Appendix E. The EPA Superfund_500m DGGS

Kevin Sahr

Department of Computer Science, Southern Oregon University, Ashland, OR 9752

email: sahrk@sou.edu

Denis White

US Environmental Protection Agency (retired)

email: whitede@onid.orst.edu

Introduction

The Superfund_500m grid was commissioned by the US Environmental Protection agency for use in developing its Superfund Emergency Response Atlas. The grid is a hierarchically indexed icosahedral hexagonal discrete global grid (DGG) (Sahr et al. 2003) consisting of approximately 22 hectare hexagons, with approximately 500 meter distance between hexagon centers.
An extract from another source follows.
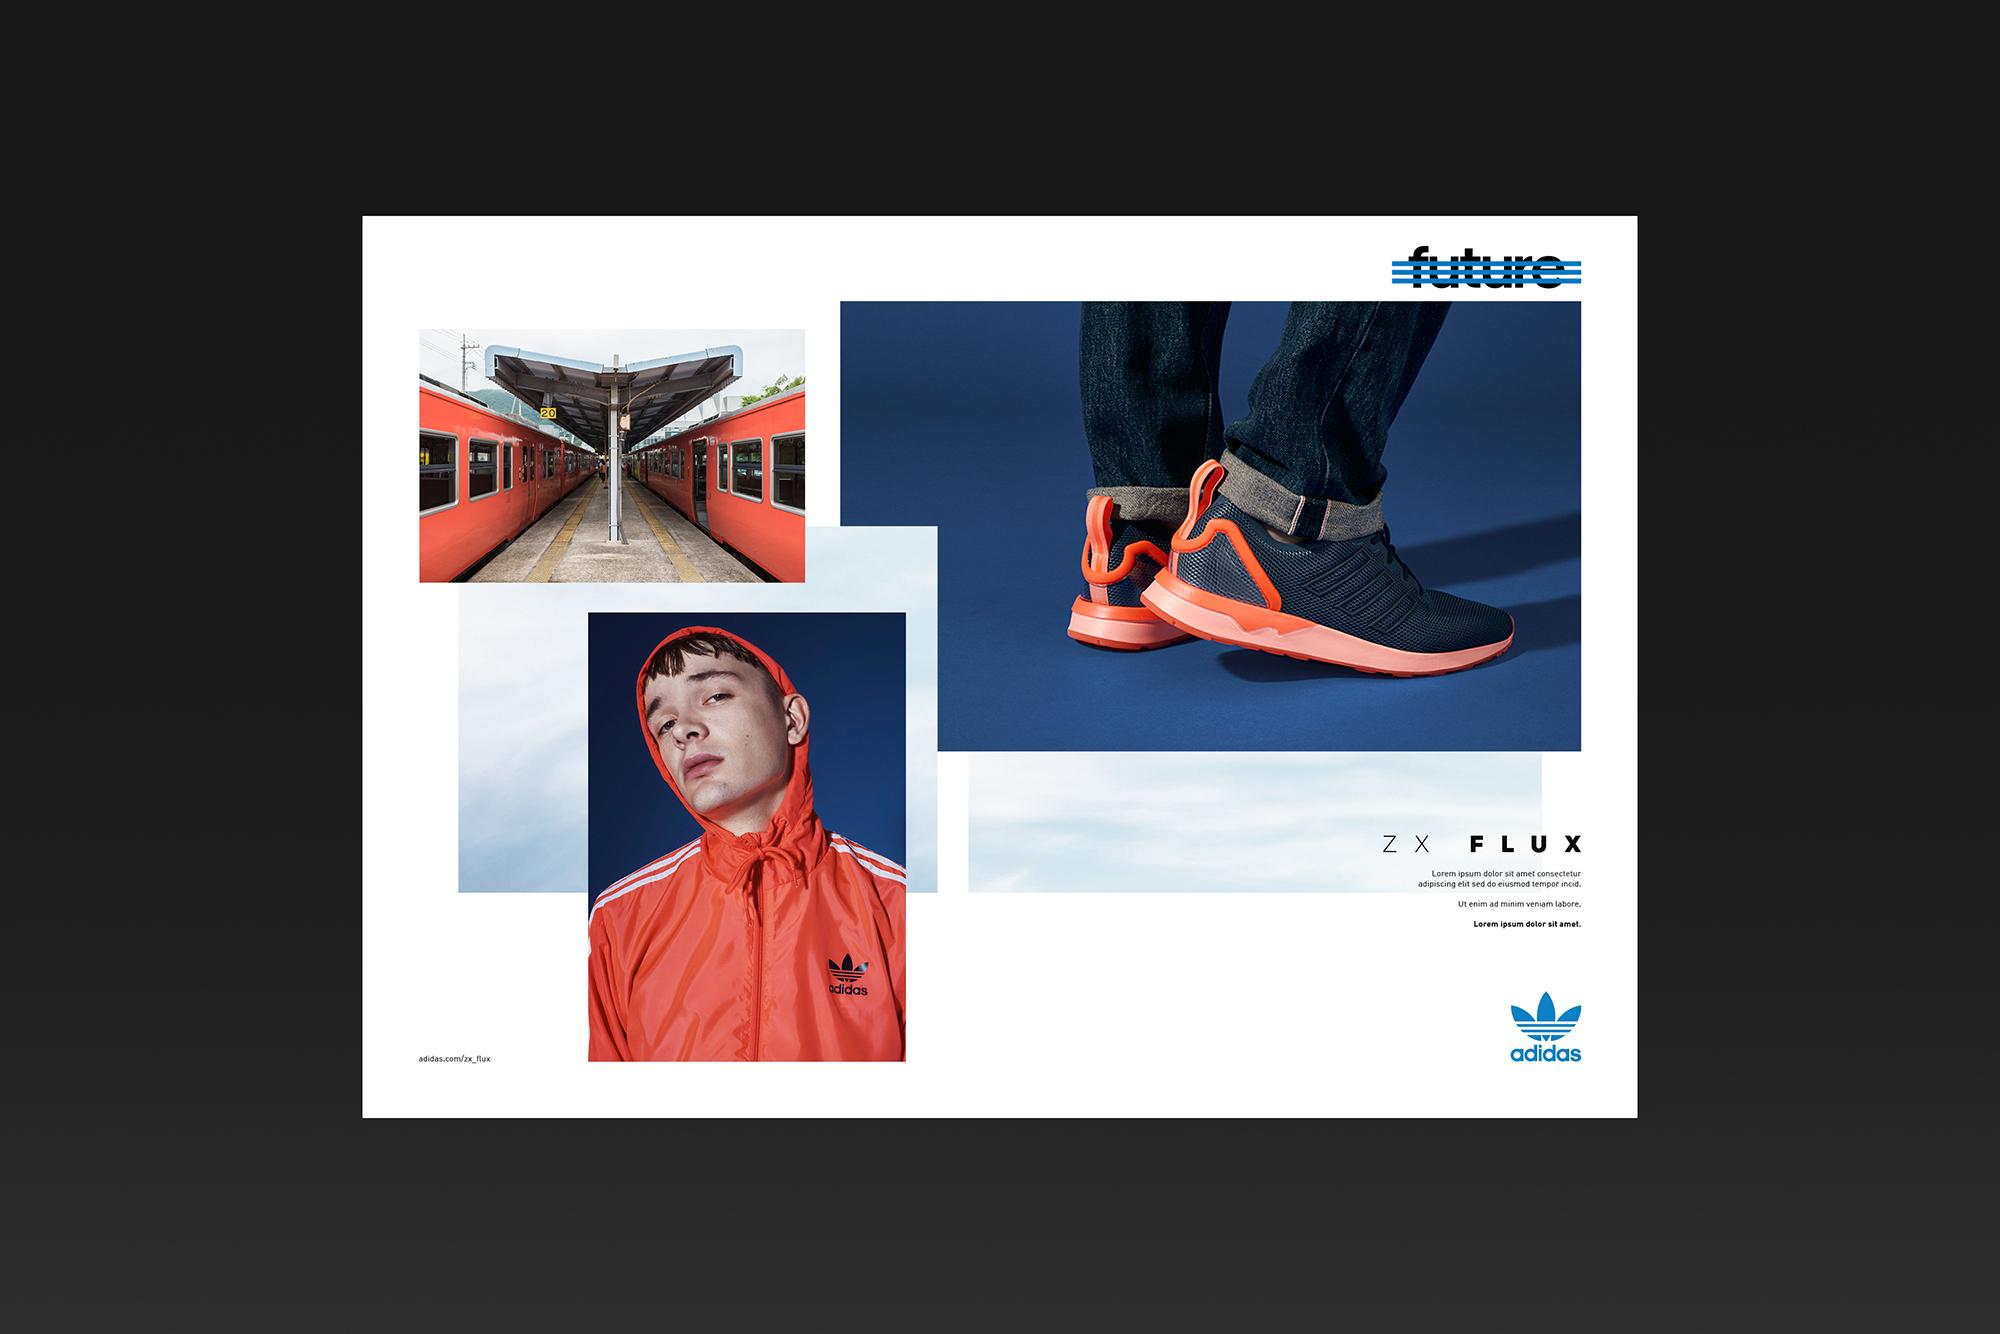 Adidas_SS16_Examples_02.jpg

This cell size is generated geometrically by creating a mixed aperture sequence of two aperture 4 subdivisions followed by 15 aperture 3 subdivisions.

It is not possible to create a network of equal area, equal shape, and equally spaced grid cells greater than twenty in number on the surface of a sphere. Thus one or more, often two or all three, of these characteristics are distorted to varying degrees across the surface. The approach used here starts with the twenty triangular faces of the icosahedron, creates a regular, equal area, equal shape, and equally spaced network of hexagons of the desired size on one or more of the planar triangles and then projects these cells to the surface of the globe. The distortion characteristics of this approach have been investigated by Kimerling et al. (1999) and Gregory et al. (2008).

Grid characteristics for the 10 addressable Superfund_500m resolutions are given in Table 1.

Grid Construction

The cells are generated as regular hexagons (and pentagons) on the surface of an icosahedron, oriented relative to the globe so as to be symmetrical about the equator. The cells are projected to longitude and latitude on a sphere with the authalic WGS84 radius (NAD 83 datum) using the inverse icosahedral projection of R. Buckminster Fuller (1975) as developed analytically by Robert Gray (1995) and John Crider (2008).

The Superfund_500m cell identifiers are an instance of Central Place Indexing (CPI). CPI (Sahr, 2011; Sahr, 2019) is a class of hierarchical indexing systems for pure and mixed aperture hexagonal DGGs, where the linear index assigned to each cell is constructed as a path address (Sahr 2008) on a multi-resolution discrete global grid system with the specified aperture sequence. A CPI addressing system was used in the initial design for a sampling system for the EPA’s Environmental Monitoring and Assessment Program (White et al. 1992).

Table 1. Superfund_500m DGG Resolutions (see notes after table).

Resolution

# Cells¹

Hex Area²

Intercell Distance³ (km)

CLS⁴

(sq. km)

(km)

0

42

12,751,640.5431

3,526.8262

4,046.3596

1

162

3,187,910.1358

1,763.4131

2,016.7939

2

1,442

354,212.2373

587.8044

671.6409

3

12,962

39,356.9153

195.9348

223.8573

4

116,642

4,372.9906

65.3116

74.6182

5

1,049,762

485.8878

21.7705

24.8727

6

9,447,842

53.9875

7.2568

8.2909

7

85,030,562

5.9986

2.4189

2.7636

8

765,275,042

0.6665

0.8063

0.9212

9

2,295,825,122

0.2222

0.4655

0.5319

Table 1 Notes:

^1^At every resolution 12 of the cells are pentagons and the remainder are hexagons.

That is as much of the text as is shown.